At a point in the week when festival-goers are already speculating on the awards list (for example, in the magazine “le Film français”), two films were presented today, an Italian one and a Korean one. Without aiming to top the list of awards, they were of good quality.
DOGMAN, Matteo Garrone (Italy)
In an impoverished suburb, Marcello, a dog groomer and occasional small-time dealer, sees his friend Simoncino return from prison, a former boxer addicted to cocaine. Simoncino makes Marcello his punching bag and drags him into a criminal spiral.
Marcello is a curious little fellow. Rather scrawny and unattractive, somewhat unkempt, he is quite kind: a (divorced) father attentive to his little girl, ready to take all risks to save a chihuahua, helping the fauna that serves as his neighborhood in this area that serves as his community. But his attachment (one could call it canine!) to this brute Simoncino, who subjects him to all humiliations (he even goes to prison in his place), eventually finds its limits and the little man transforms into a war machine.
This realistic yet picturesque film is watchable without displeasure despite its great violence. We are just a bit surprised that Garrone, the director of Gomorrah, has erased the social context to such an extent. To the point of making his film a sort of fairy tale. For adults, though.
BURNING, Lee Chang-Dong (South Korea)
A young man meets by chance a former neighbor from his childhood village. After a brief affair, the young woman leaves for Africa. Upon her return, she seems to have connected with a mysterious man she met during her travels.
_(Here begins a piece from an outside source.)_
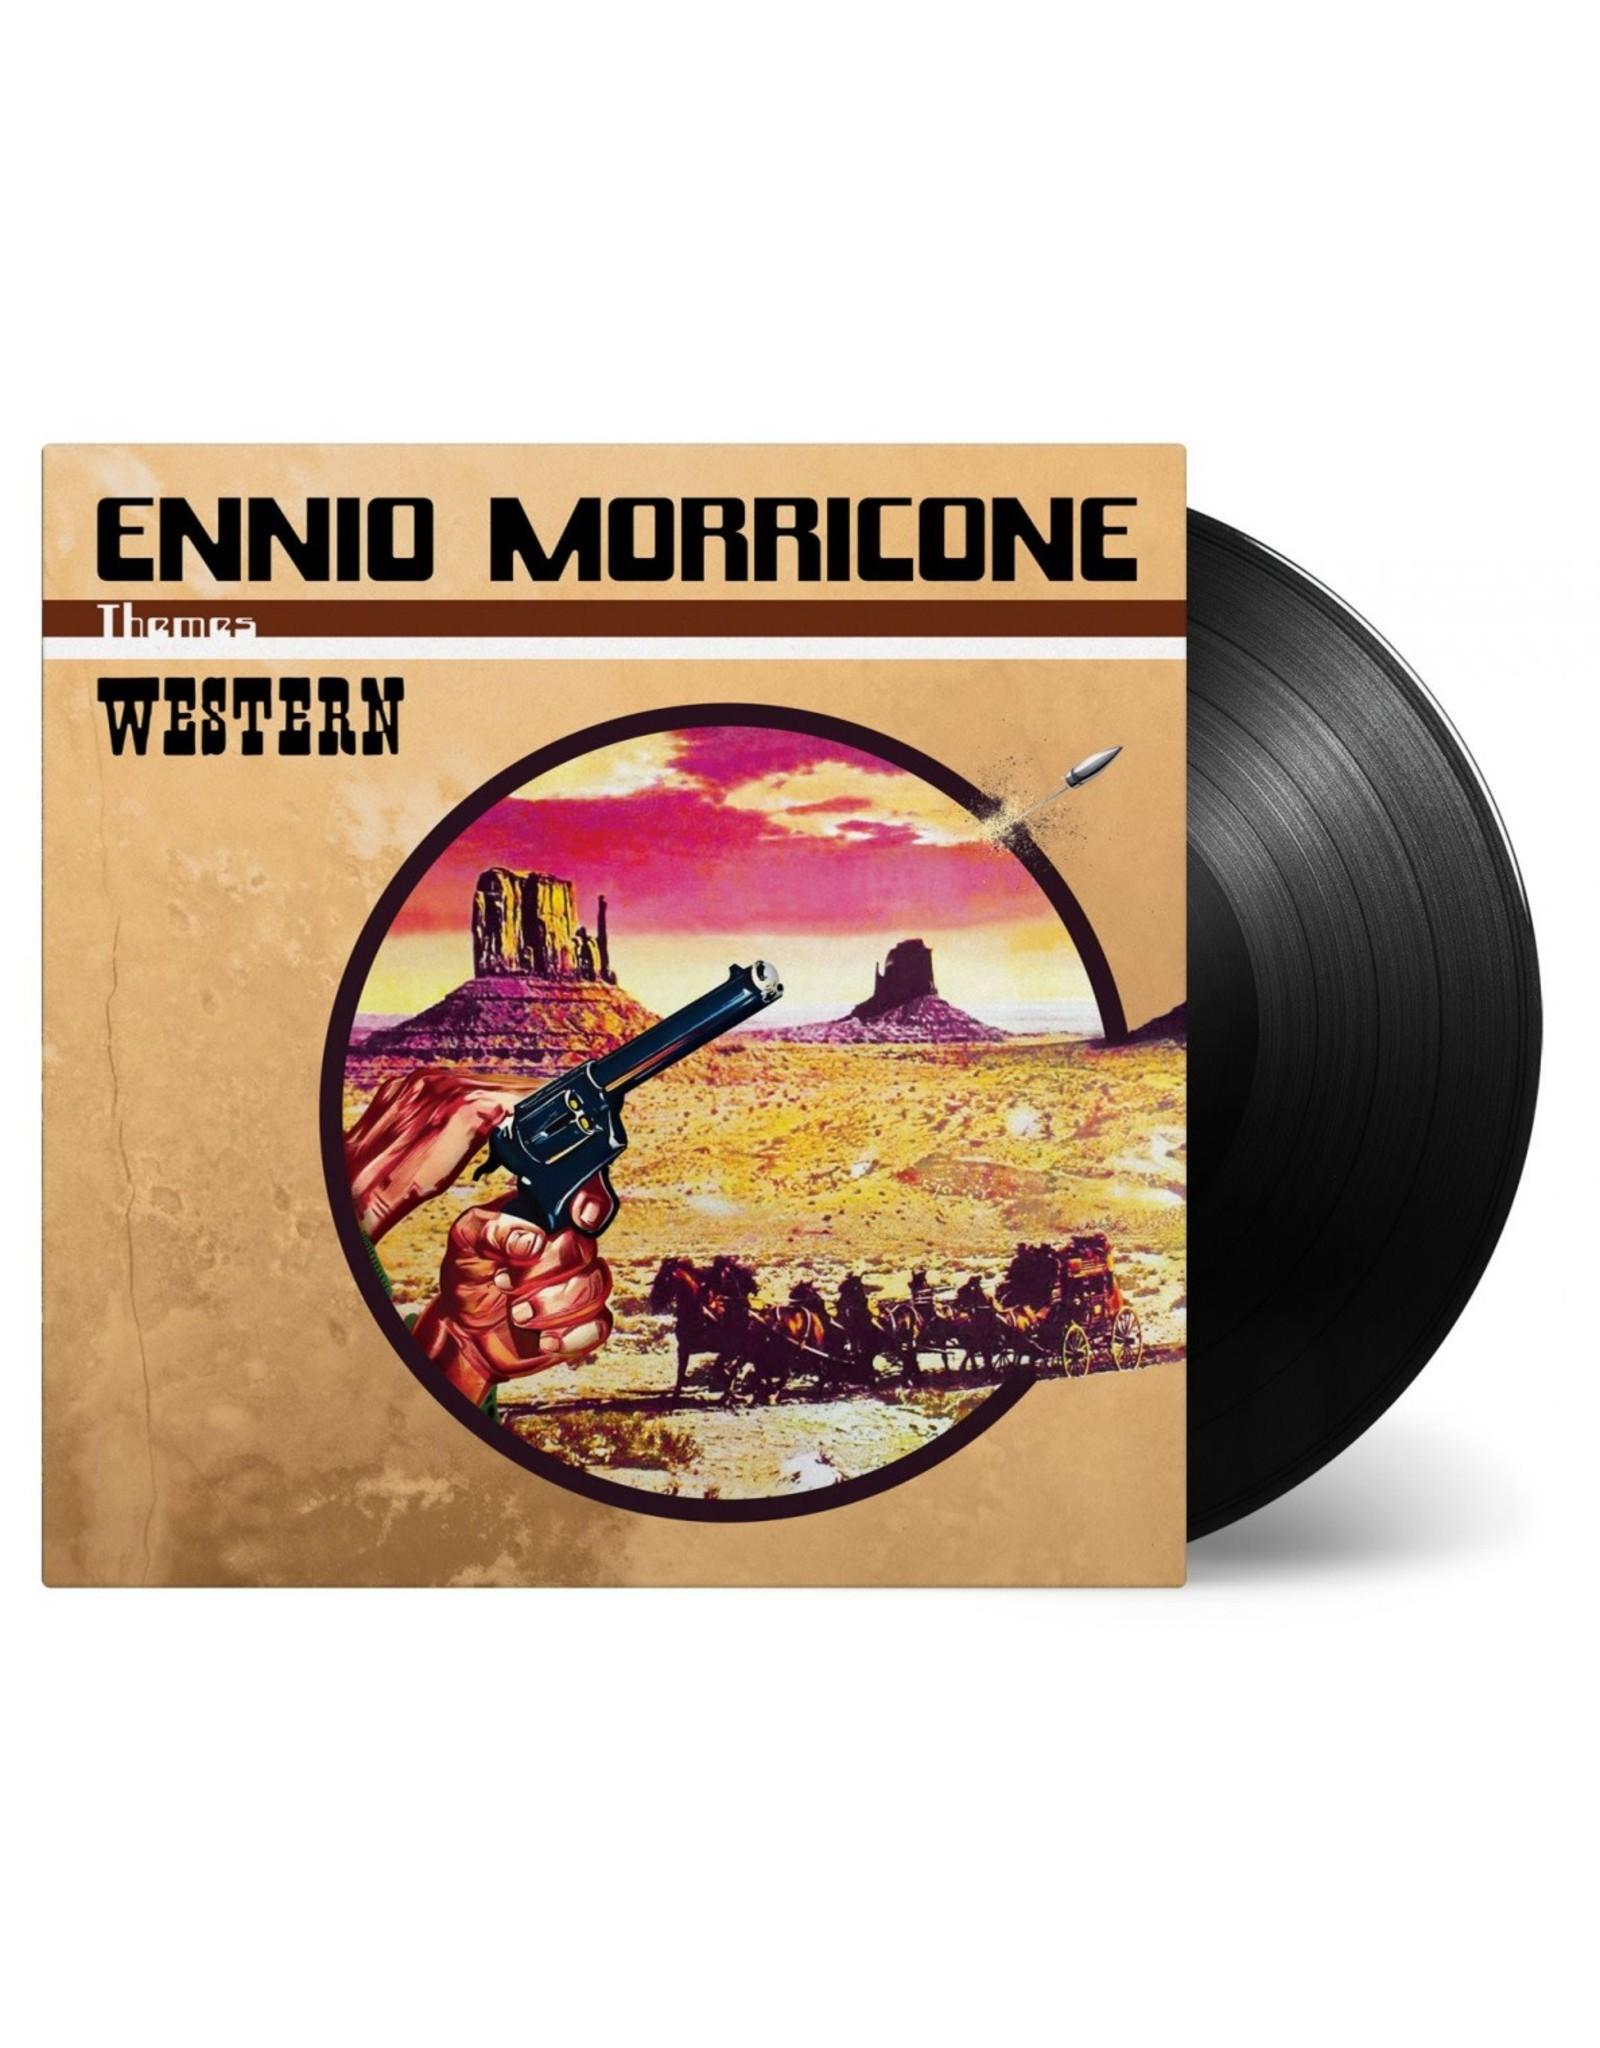 Ennio Morricone - Western (Music On Vinyl)

As in Garrone’s film, Burning features a confrontation between two men: Jongsu, the reluctant farmer (forced to succeed his father), somewhat naïve, and Ben, the elegant and self-assured yuppie. A subtle battle for the affections of the whimsical Haemi. The Italian film revolves around the subdued, the Korean film around the dominant, this Ben who is handsome, clean-cut, and wicked. Although with this wickedness, it takes 2 hours and 28 minutes to truly touch upon it. Despite the quality of this occasionally enchanting film, it is still rather long.